– Нет у меня никакой бабки, – угрюмо буркнула я. И совсем уж бестактно добавила: – Только прадед мой… с вами на Курской дуге воевал.

– Ладно, Ангелина, – устало вздохнул профессор. – Я напишу свое заключение. Что вам – с определенной долей вероятности – можно помочь.
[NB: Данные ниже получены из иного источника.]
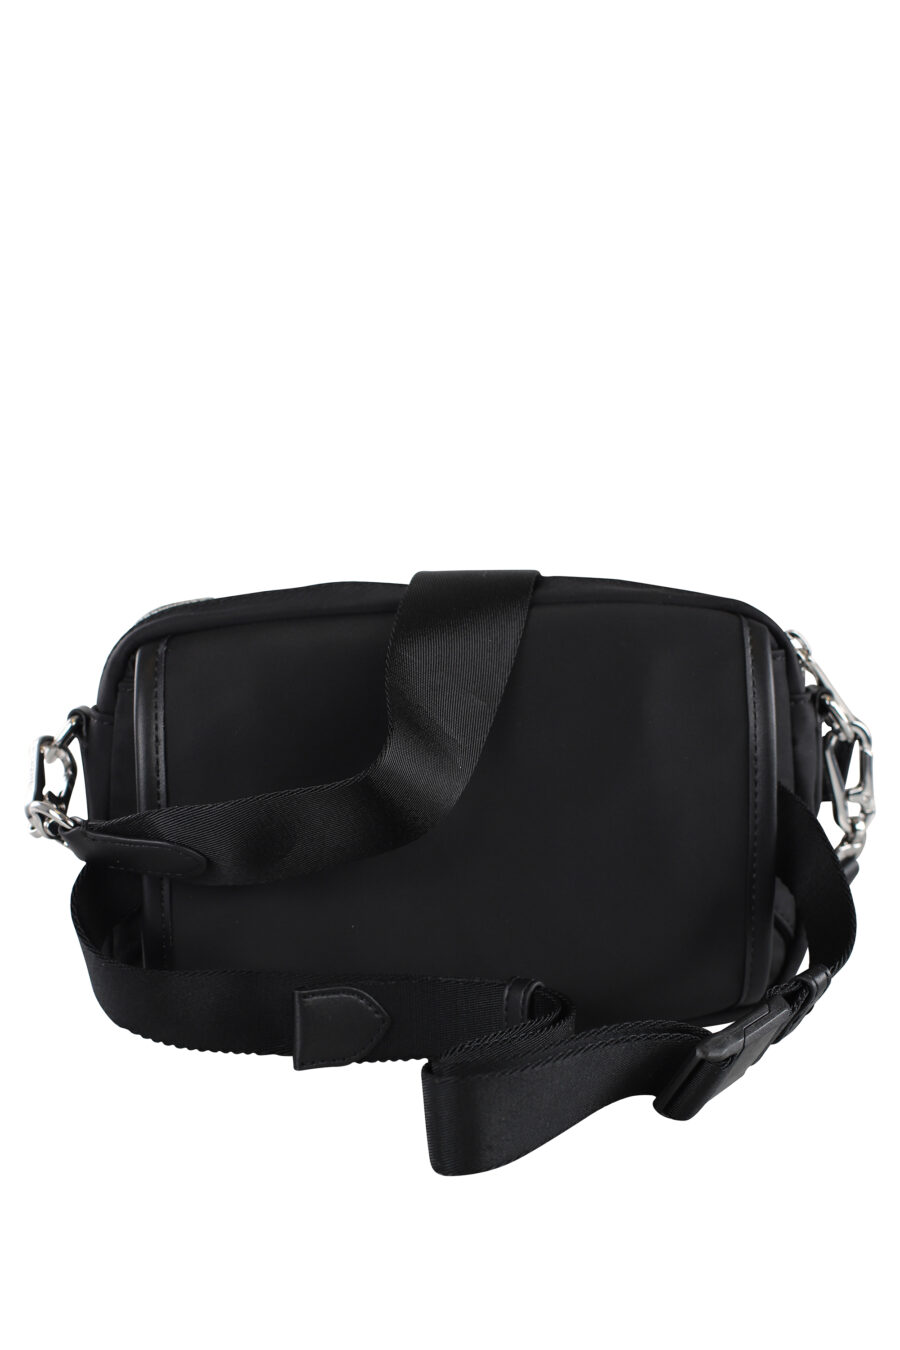 Black shoulder bag with optional maxilogo "karl" fanny pack - IMG 6994
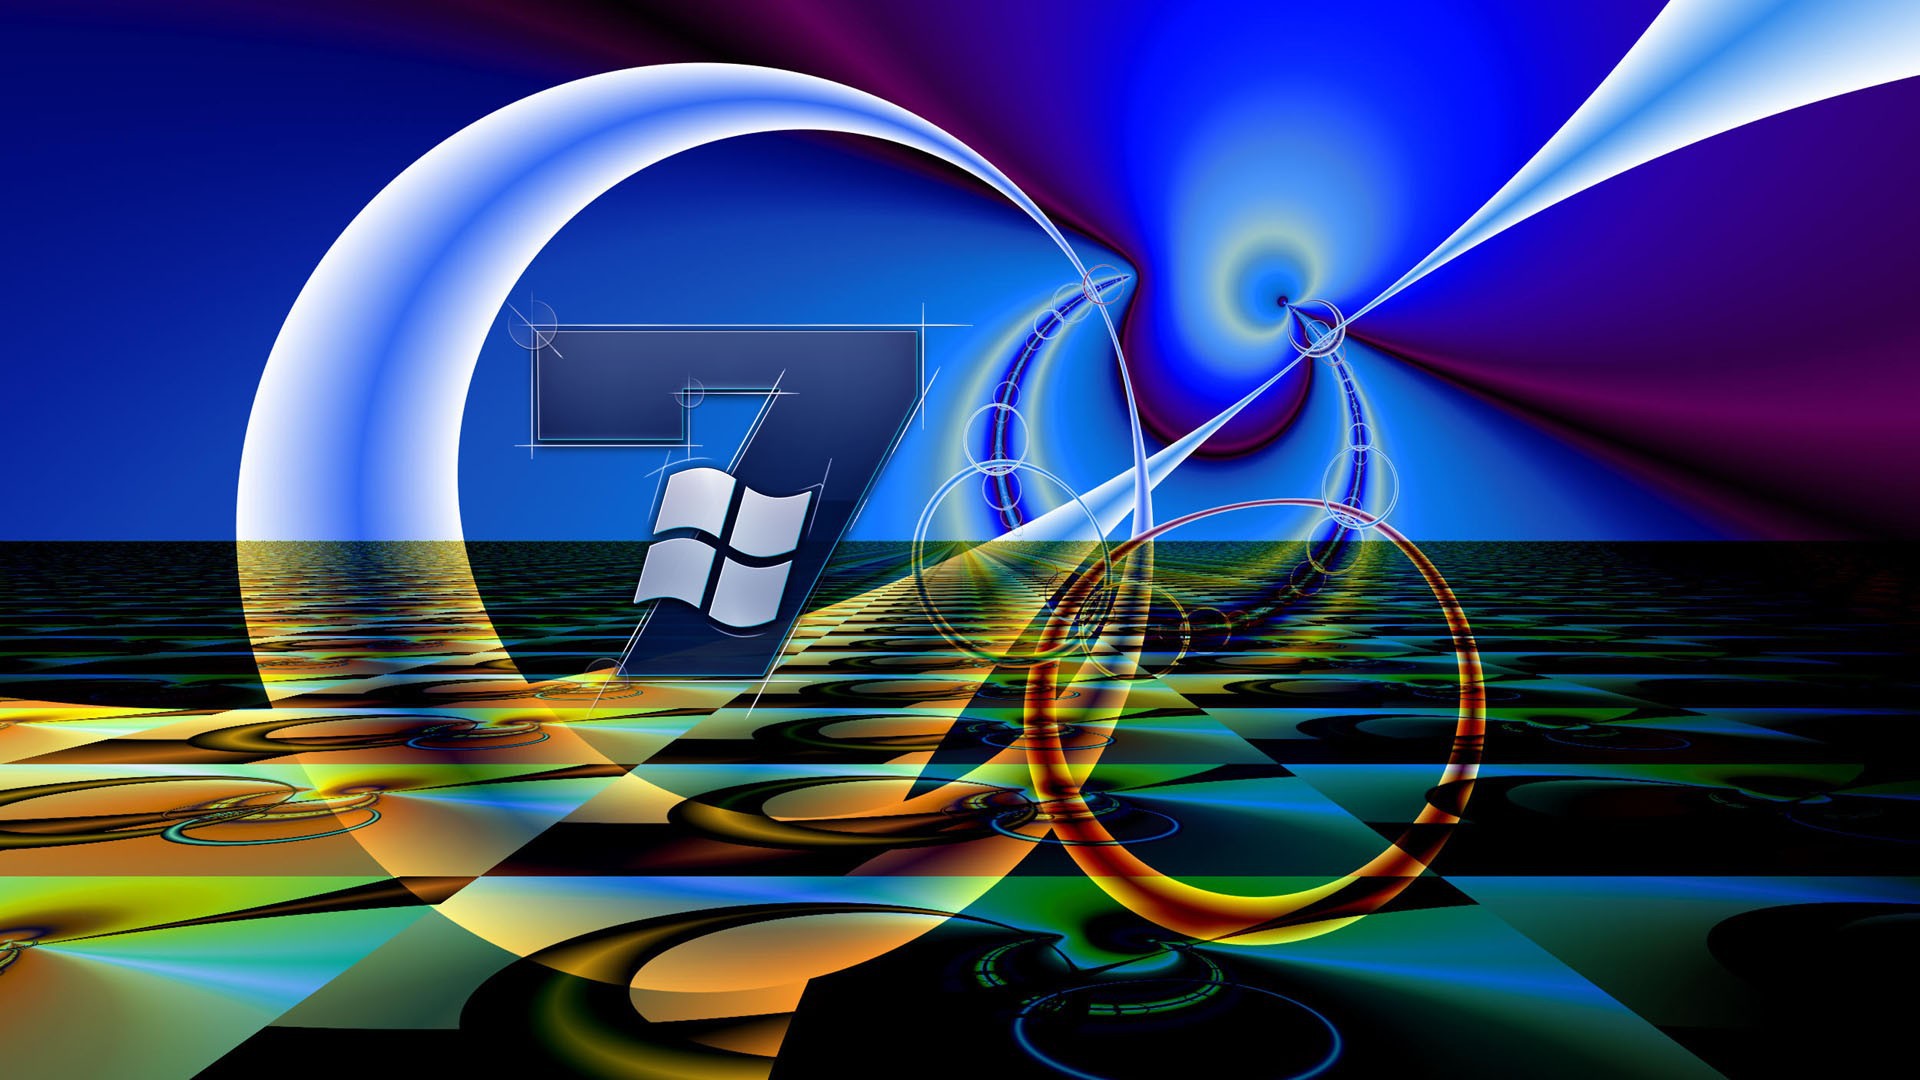 Tải ngay hình nền Windows 7 độ phân giải cao để tối ưu hóa sự trải nghiệm của bạn trên màn hình máy tính. Với bộ sưu tập hình nền đa dạng của chúng tôi, bạn có thể thỏa sức lựa chọn những hình nền chất lượng cao, tuyệt đẹp và phù hợp với nhu cầu của bạn.

Будем надеяться, этот ваш фонд вас не оставит. – И совсем тихо добавил: – По крайней мере, я буду молиться за это.

– А я, – вырвалось у меня, – когда поправлюсь, обязательно попробую вас нарисовать. Мне почему-то кажется: у вас очень необычное лицо… Такое… многоликое. Иногда доброе, совсем домашнее. А в операционной – конечно, совсем другое. Жесткое, даже злое. И глаза у вас синие. Я угадала?

– Нет, – усмехнулся он.

– Значит, вы просто обязаны меня вылечить, – парировала я. – Чтоб я могла не гадать, а увидеть своими глазами.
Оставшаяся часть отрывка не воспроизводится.